Advances in Surgery for Metastatic Disease of the Spine: An Update for Oncologists

Incidental Imaging Finding

The incidence of incidental spinal metastases varies greatly in the literature, dependent on the predilection for skeletal metastasis of the primary histology, imaging modality, duration of disease, and population studied. In asymptomatic patients with known spinal metastases, one-third may have asymptomatic spinal cord compression on screening MRI. ²

Spinal canal invasion is graded by the Spine Oncology Study Group (SOSG) grading system: Grade 1 is canal invasion without spinal cord compression, and is divided into 1a (thecal contact), 1b (thecal deformation), and 1c (cord contact). Grade 2 represents cord compression with some preserved CSF signal around the cord, while Grade 3 has complete CSF effacement. This is often dichotomised into low grade (grade 0-1) and high grade (2-3) metastatic epidural spinal cord compression (MESCC), the latter is a relative indication for surgery.

Early diagnosis of MESCC is important to prevent neurological worsening. Delays to the diagnosis of MESCC from onset of back pain may be 2-3 months, and 2-3 weeks from the onset of weakness, with delays understandably longer for those without a known malignancy.^3,4 Overall, 70% of patients with MESCC may have a preventable loss of function due to delays in symptom recognition and diagnosis. Despite the risk of irreversible neurological injury, prophylactic screening for MESCC has not been shown to improve outcomes in patients with spinal metastases. ²

Pain

Back pain is a common finding in patients with spinal metastases, but also the general population. Pain may be classified as oncological, mechanical, or neurological, and clear delineation of the pain generator is of upmost importance to the spine surgeon.

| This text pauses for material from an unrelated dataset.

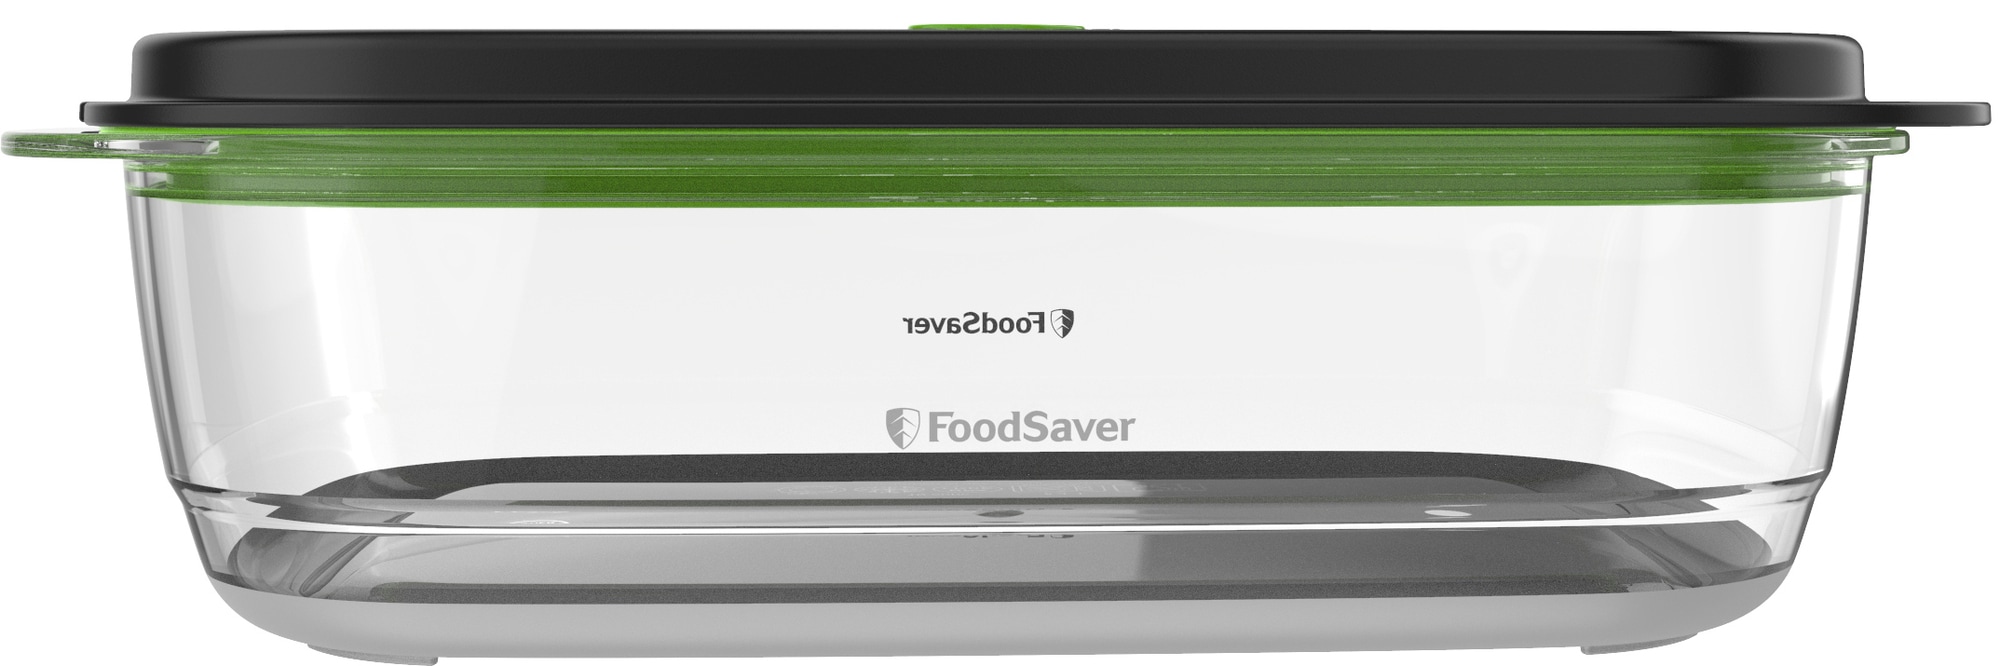 Foodsaver FFC024x Recipiente de envasado al vacío de alimentos Transparente/Negro

Oncological pain is classically dull, poorly localised, and worse at night. The pathogenesis is multifactorial, due to periosteal stretch, microfractures, and cytokine release and proinflammatory pathways incited by the tumour locally. It is thought to be worse at night due to the nocturnal cortisol nadir, nocturnal hypercarbia (leading to vascular swelling), recumbency (which may affect venous drainage), and the absence of distractors. Generally, it responds well to anti-inflammatories (NSAIDs and glucocorticoids).

Discerning the presence of mechanical pain is one of most important parts of the clinical history, as it is the clinical manifestation of biomechanical instability. Mechanical pain is incited by loading of the spine in a vector that stresses skeletal, ligamentous, and muscular structures that have been eroded by tumour. Although commonly elicited by axial loading and walking, the specific movement generating mechanical pain may depend on the location of the metastasis, such as flexion, extension, and rotation of the neck for cervical lesions, and recumbency for thoracic lesions. Lumbar lesions may cause mechanical radicular pain due to listhesis on axial loading.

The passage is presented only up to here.